# LESSONS.md — Shared Lessons Learned
*Read this before doing anything risky. Updated by all agents.*
*Last updated: 2026-02-17 05:35 AEDT*

---

## 🚨 CRITICAL — Never Repeat These

### 1. NEVER use Kimi/cheap models for code changes
**Date:** 2026-02-07
**What happened:** Kimi agents wrote TypeScript, React components, API routes. Five build-breaking bugs in one session.
**Rule:** ALL code goes through Builder (Claude Code on port 18790). Kimi = research/specs/plans ONLY.

### 2. NEVER overwrite inbox files
**Date:** 2026-02-16
**What happened:** Rivet overwrote RIVET-INBOX.md while "processing" it, destroying Builder's updates. Builder had done 12 tasks that went unacknowledged.
**Rule:** Append-only to inbox files. Never overwrite. Never edit the other agent's inbox.

### 3. NEVER send external comms without Michael's approval
**Rule:** Draft emails, SMS, tweets, LinkedIn posts — but NEVER send without explicit "yes" from Michael.

### 4. NEVER trust cached data for morning briefs
**Date:** 2026-02-16
**What happened:** Morning brief referenced completed tasks as still pending. Stale data from hours ago.
**Rule:** Always verify live (API check, file read with timestamp) before reporting status.

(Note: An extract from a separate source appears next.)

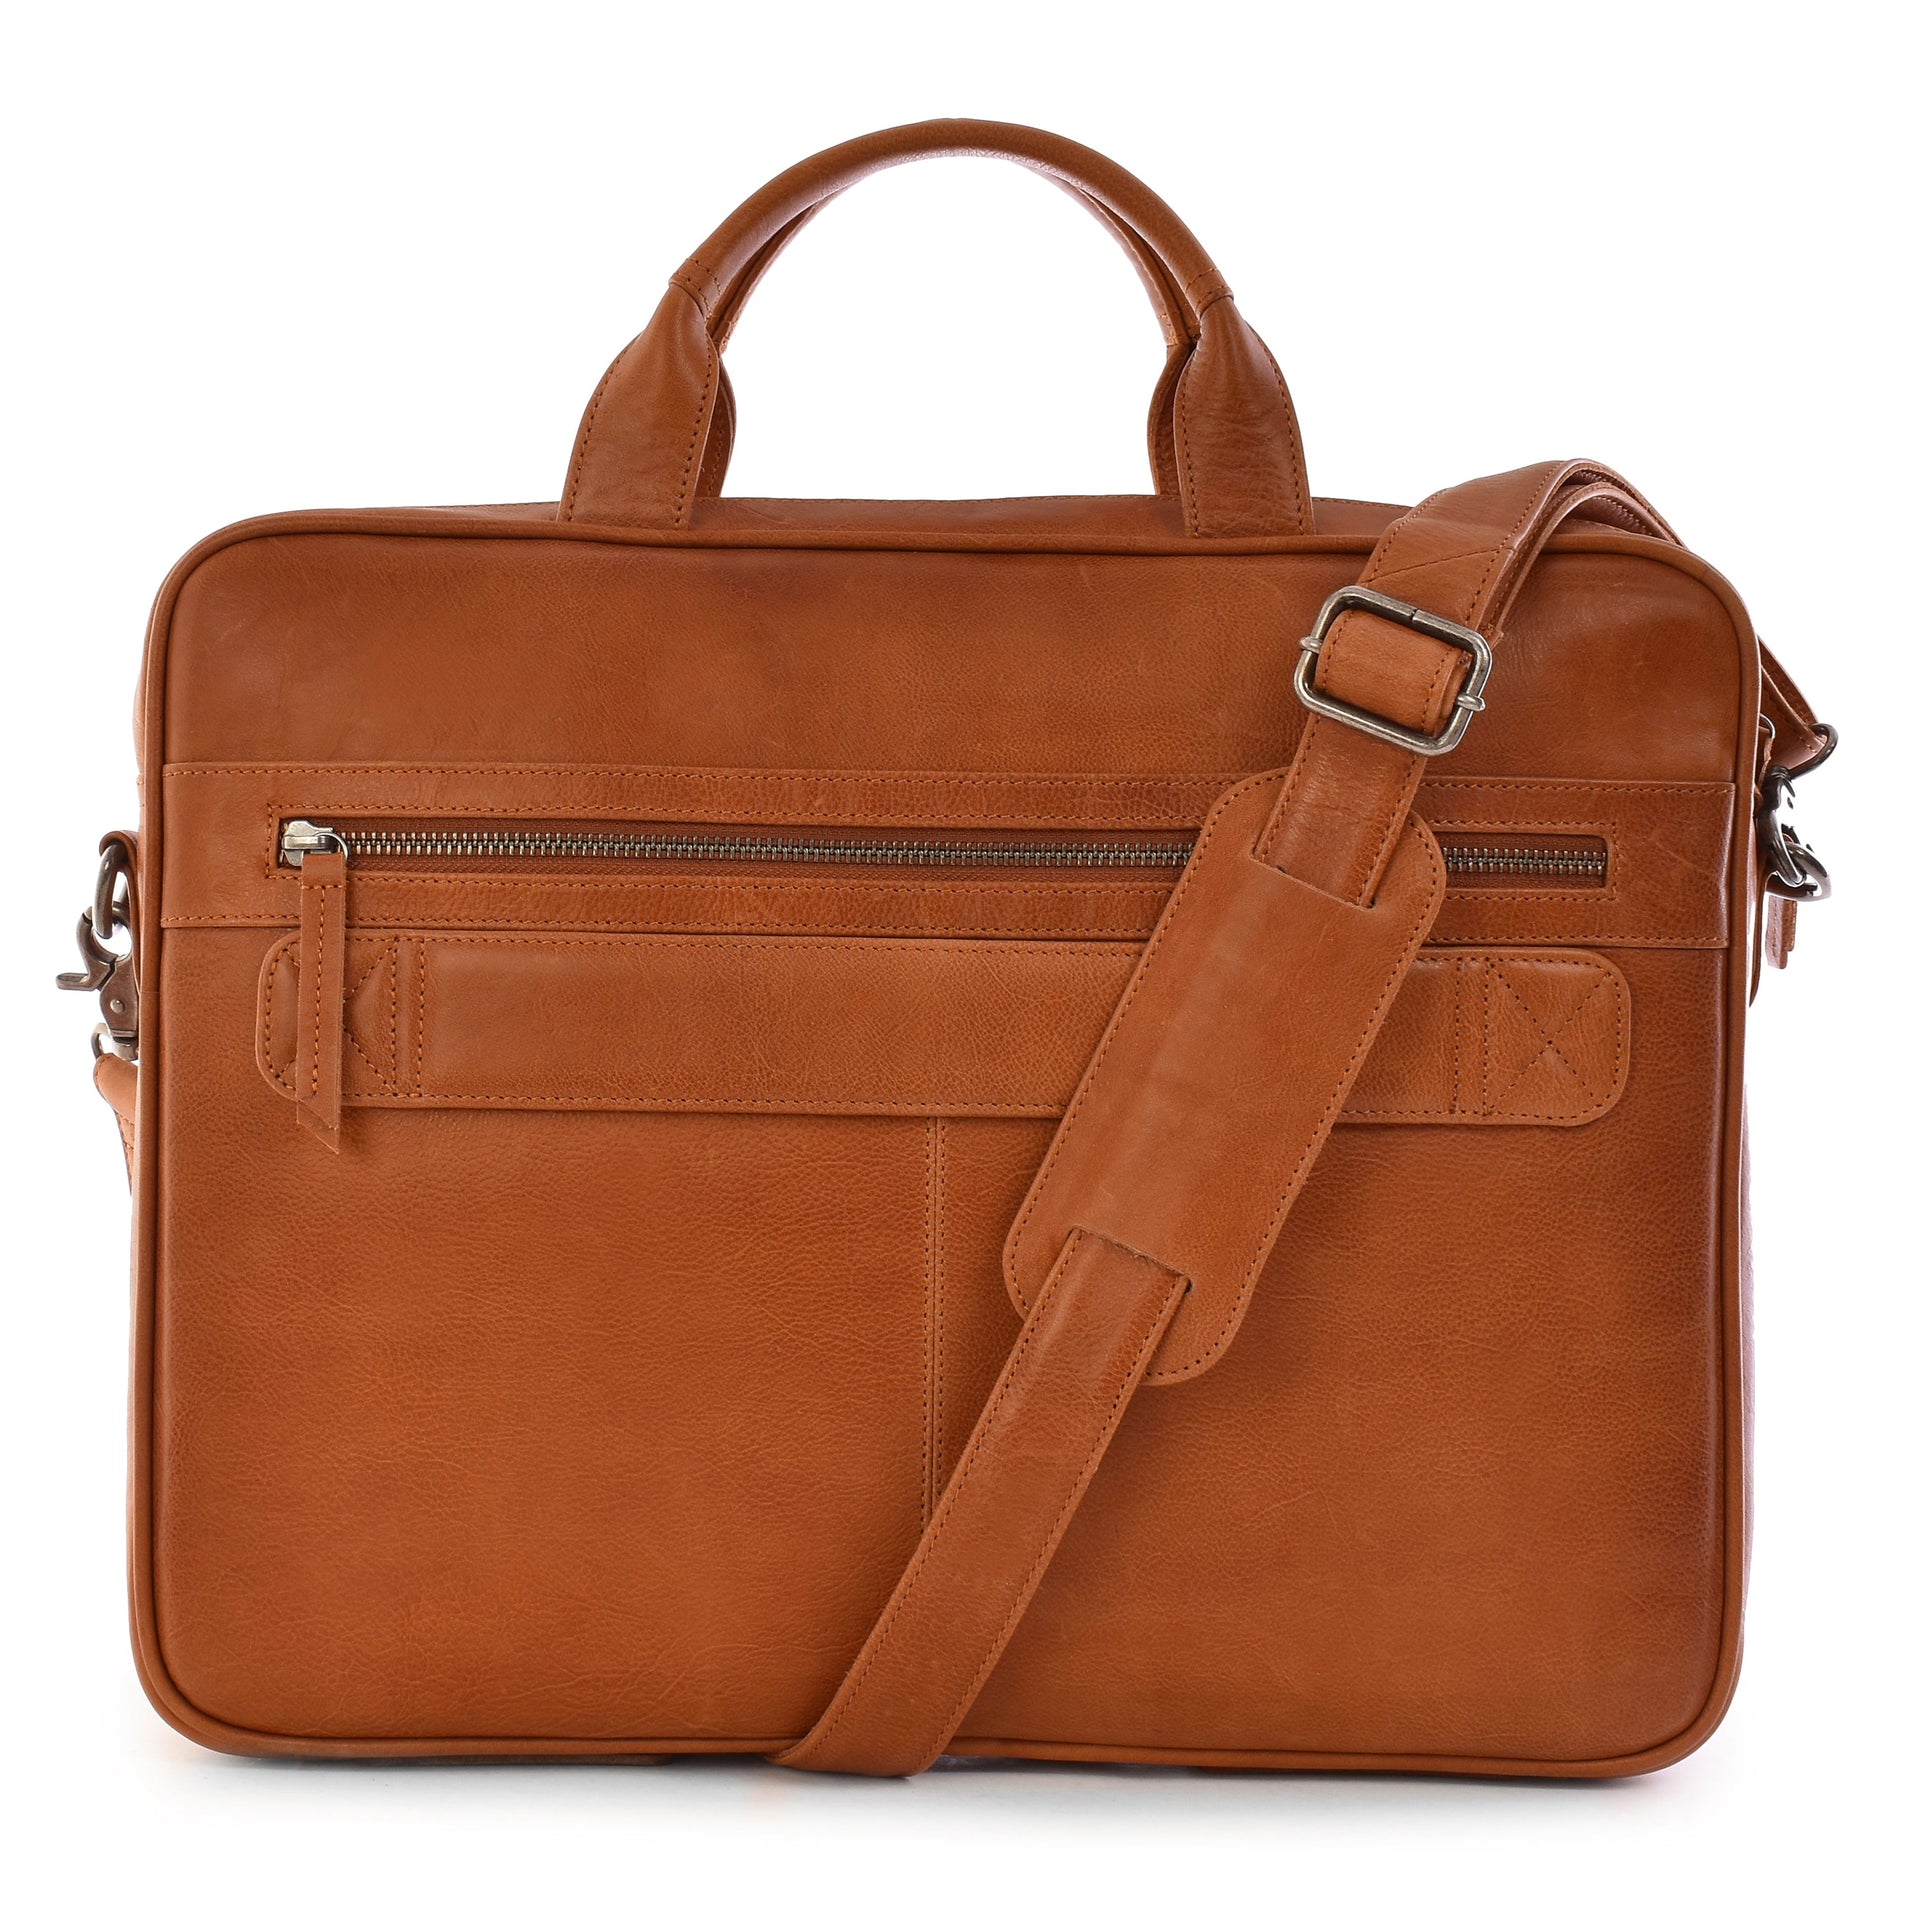 Hartfield Business Bag - Laptop Bags

### 5. API keys NEVER in committed files
**Date:** 2026-02-15
**What happened:** API keys exposed in transcript files. Had to scrub logs.
**Rule:** Keys go in .env files or /root/.clawdbot/secrets.json. Never in markdown, never in git.

---

## ⚠️ IMPORTANT — Keep These in Mind

### Model Selection Matters
- **Opus/Sonnet** for dirty data (external content, web scraping, email processing) — hardest to prompt inject
- **Kimi** for routine tasks (research, summaries, formatting) — cheap, good enough
- **Builder (Claude Code)** for ALL code — has full codebase context, catches what others miss

### File-Based Communication Protocol
- `BUILDER-INBOX.md` — Rivet writes TO Builder
- `RIVET-INBOX.md` — Builder writes TO Rivet
- Append-only, timestamp everything, ACK in your own file
- Gateway bridge = notification, not delivery mechanism

### Agent Bridge (HTTP, not WebSocket)
- Old WebSocket bridge was fragile and complex
- New HTTP bridge: `node /home/ccuser/the-50-dollar-app/scripts/agent-bridge.js <agent> <command>`
- All 8 agents in registry with correct ports and tokens

### Michael's Schedule — Respect It
- 5:30 AM - 6 PM: On site. Can read on breaks. Don't spam.
- 7 PM - 8:30 PM: THE WINDOW. Every message saves him time.
- After 8:30 PM: Winding down. Don't message. Queue for morning.

### Token Costs
- Track spending. Kimi is nearly free. Sonnet is cheap. Opus is expensive.
- Batch operations when possible
- Don't waste tokens on HEARTBEAT_OK when there's work to do

---

## 💡 What Works Well

- **Overnight autonomous work** — Builder + Rivet can ship features while Michael sleeps
- **Voice notes for Michael** — He listens while driving, can't read text on site
- **Sub-agents for parallel research** — Spin up 3-5 Kimi agents simultaneously
- **Fleet health check script** — `bash /home/ccuser/the-50-dollar-app/scripts/fleet-health-check.sh`
- **Pre-call intel briefs** — Growth Engine data + AI analysis before outreach calls

### Fleet Coordination ≠ Fleet Monitoring
**Date:** 2026-02-17
**What happened:** Rivet treated Chief of Staff role as watchman — checking if agents were alive, restarting stalled ones. All 6 agent task queues were EMPTY for hours. Agents ran heartbeat routines in isolation with zero cross-communication. 4 agents stalled for 1-3 hours with nobody driving real work.
**Rule:** Chief of Staff actively drives work. Push tasks, connect agents' outputs, force cross-referencing. Empty queues = failure. Watching ≠ leading.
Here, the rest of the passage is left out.